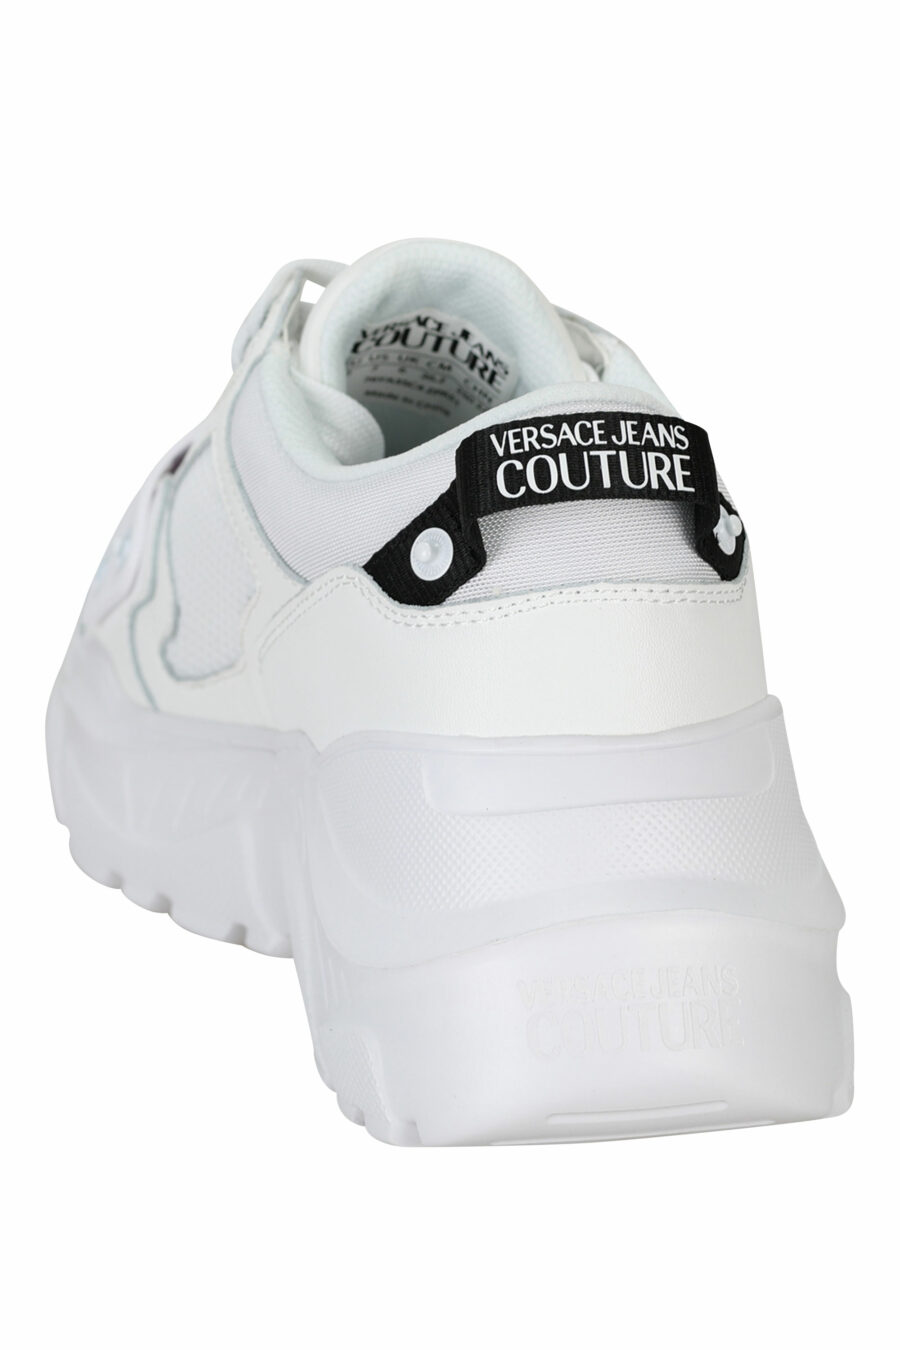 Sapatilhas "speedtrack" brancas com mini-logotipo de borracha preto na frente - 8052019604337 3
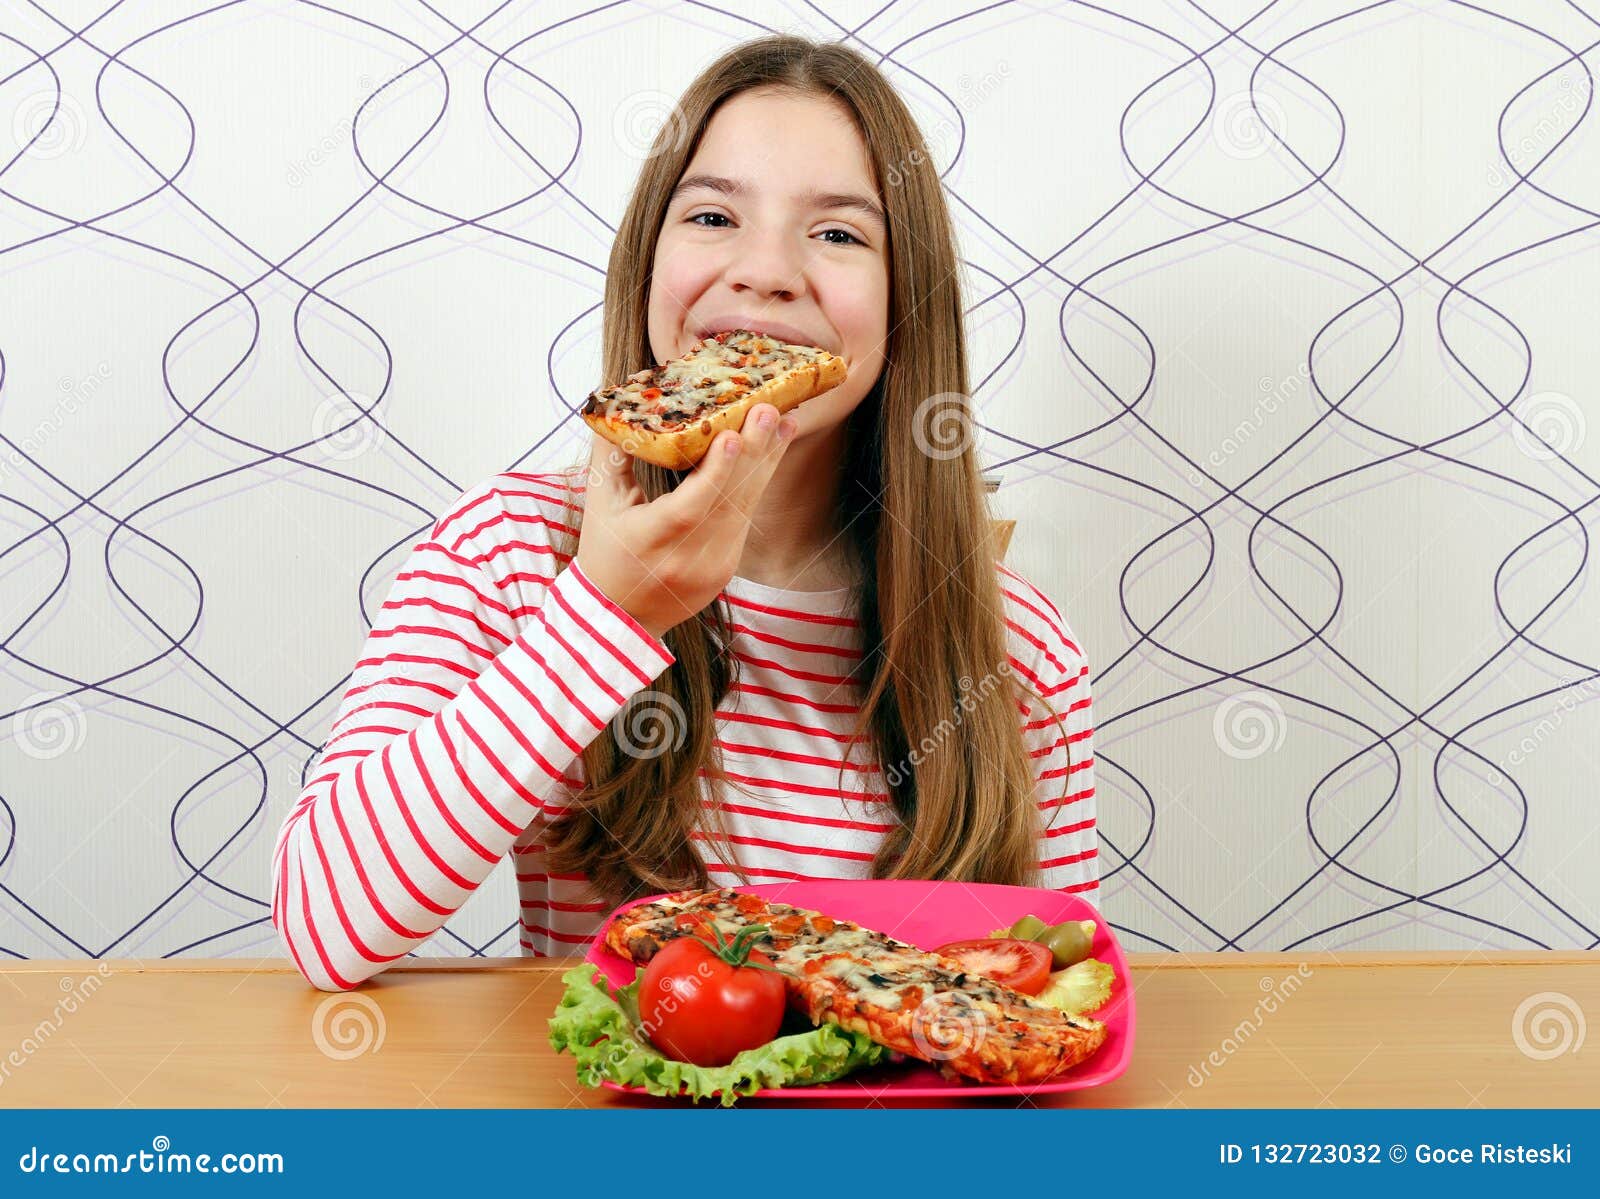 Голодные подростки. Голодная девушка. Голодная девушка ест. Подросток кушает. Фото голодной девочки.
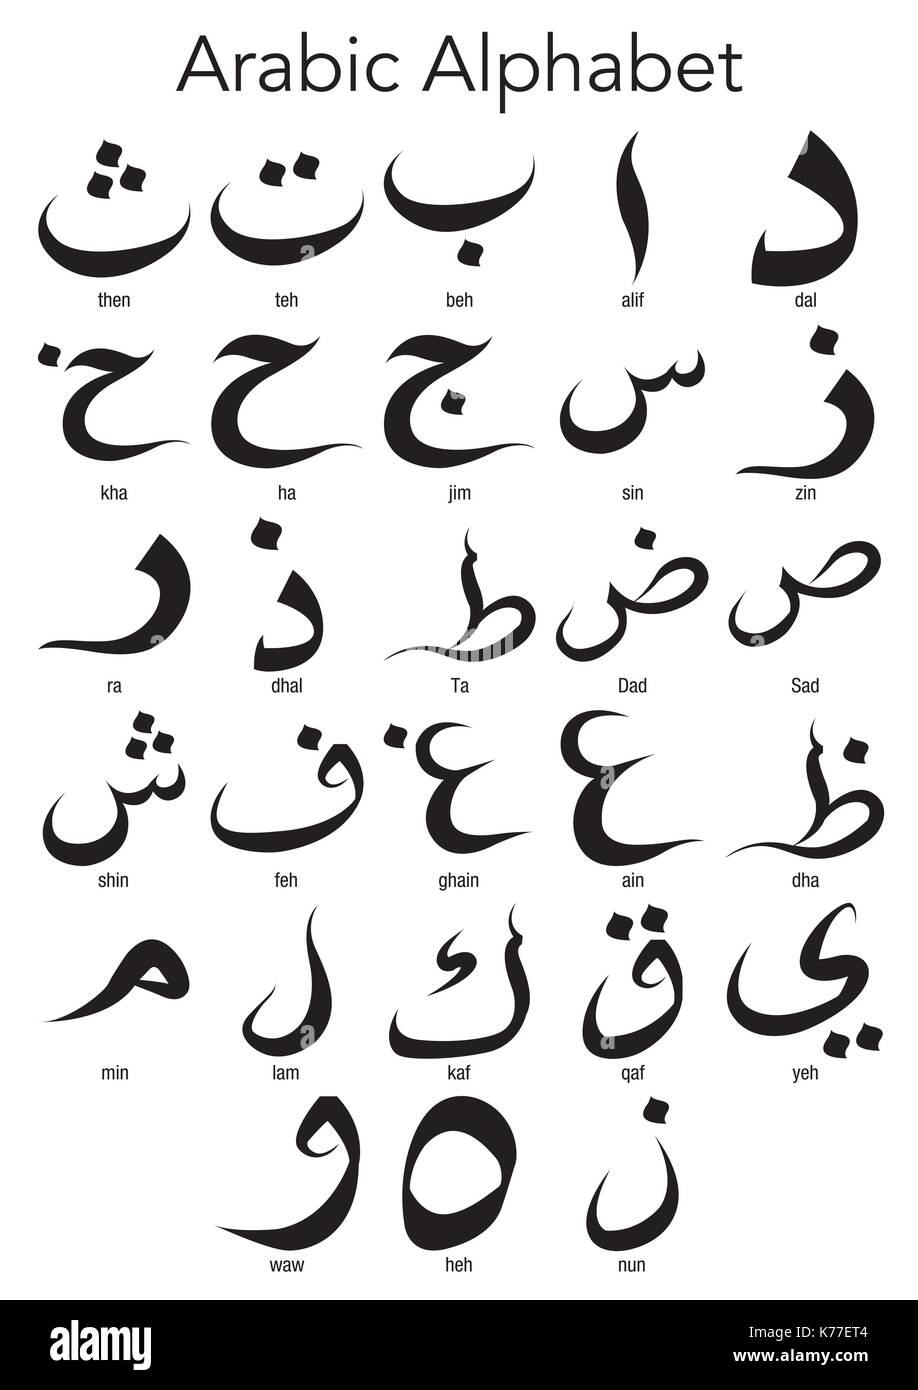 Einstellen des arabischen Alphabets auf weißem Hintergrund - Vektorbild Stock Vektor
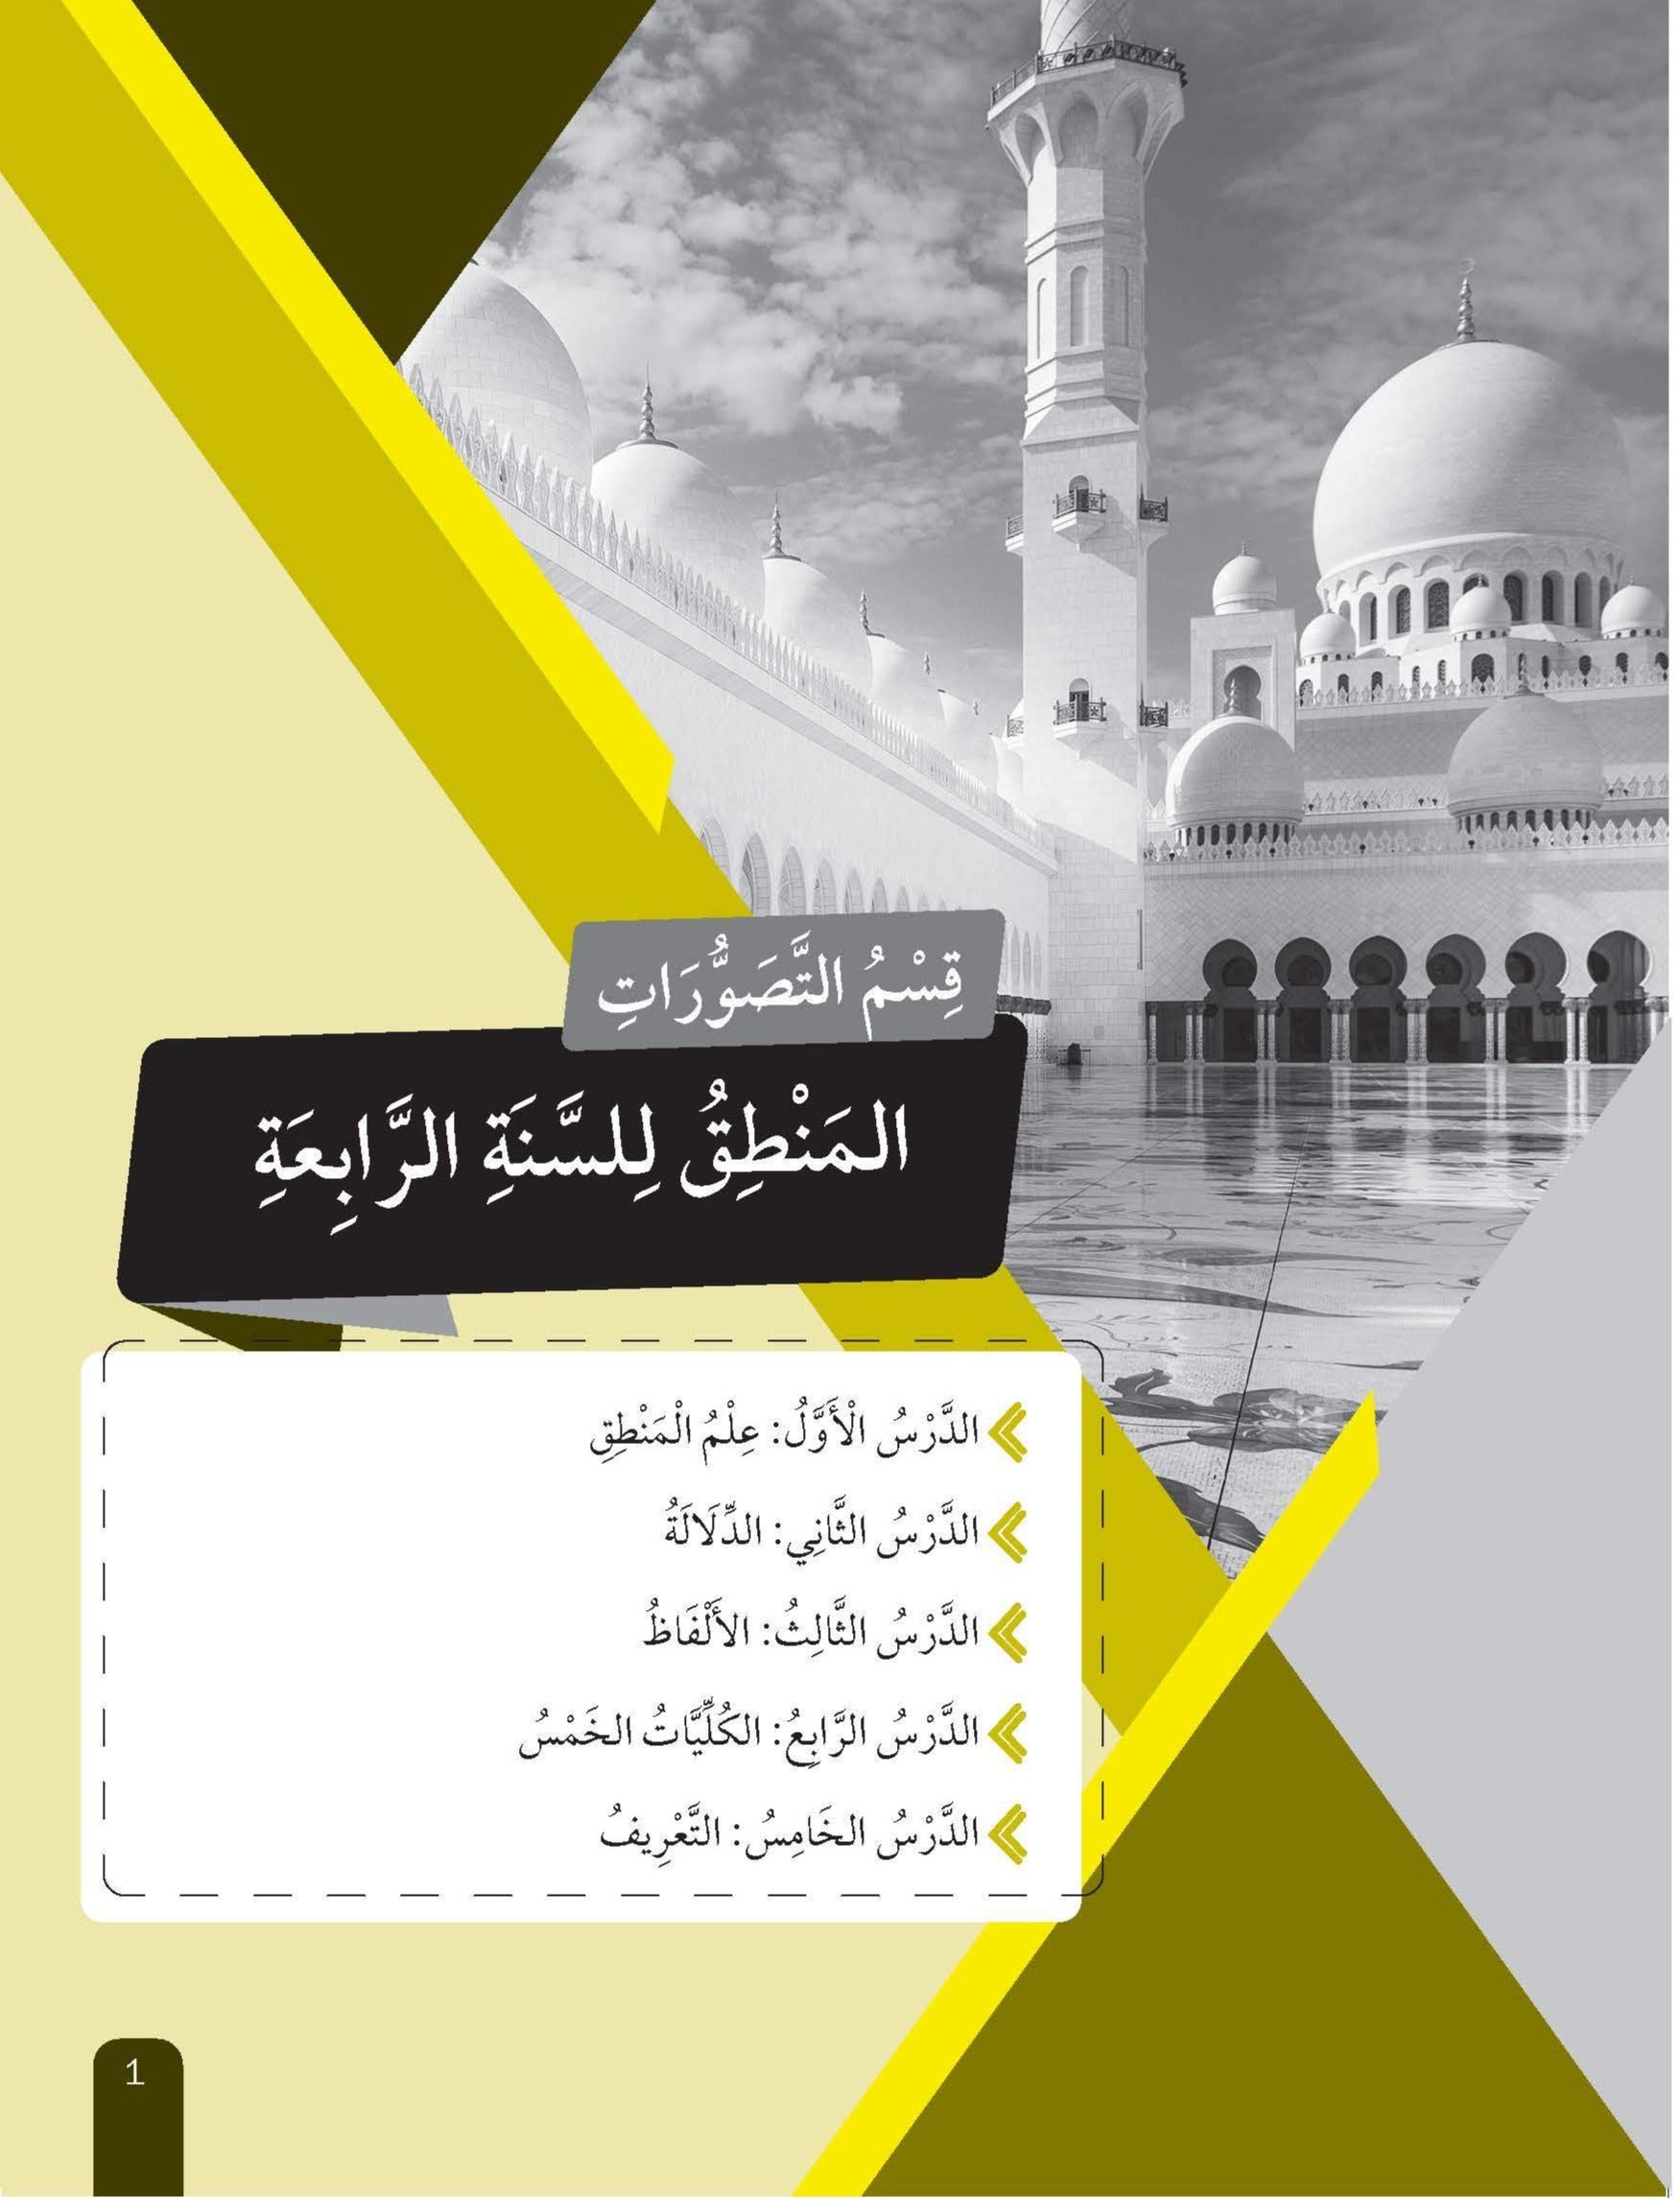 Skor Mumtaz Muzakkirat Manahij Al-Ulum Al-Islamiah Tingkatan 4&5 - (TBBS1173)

## EXERCISE OBJECTIVE
The copy must reproduce the listing above verbatim and contain no pictures.

## RESULT OF THIS EXERCISE
 Sapatilhas "speedtrack" brancas com mini-logotipo de borracha preto na frente - 8052019604337 3
 Голодные подростки. Голодная девушка. Голодная девушка ест. Подросток кушает. Фото голодной девочки.
 Einstellen des arabischen Alphabets auf weißem Hintergrund - Vektorbild Stock Vektor
 Skor Mumtaz Muzakkirat Manahij Al-Ulum Al-Islamiah Tingkatan 4&5 - (TBBS1173)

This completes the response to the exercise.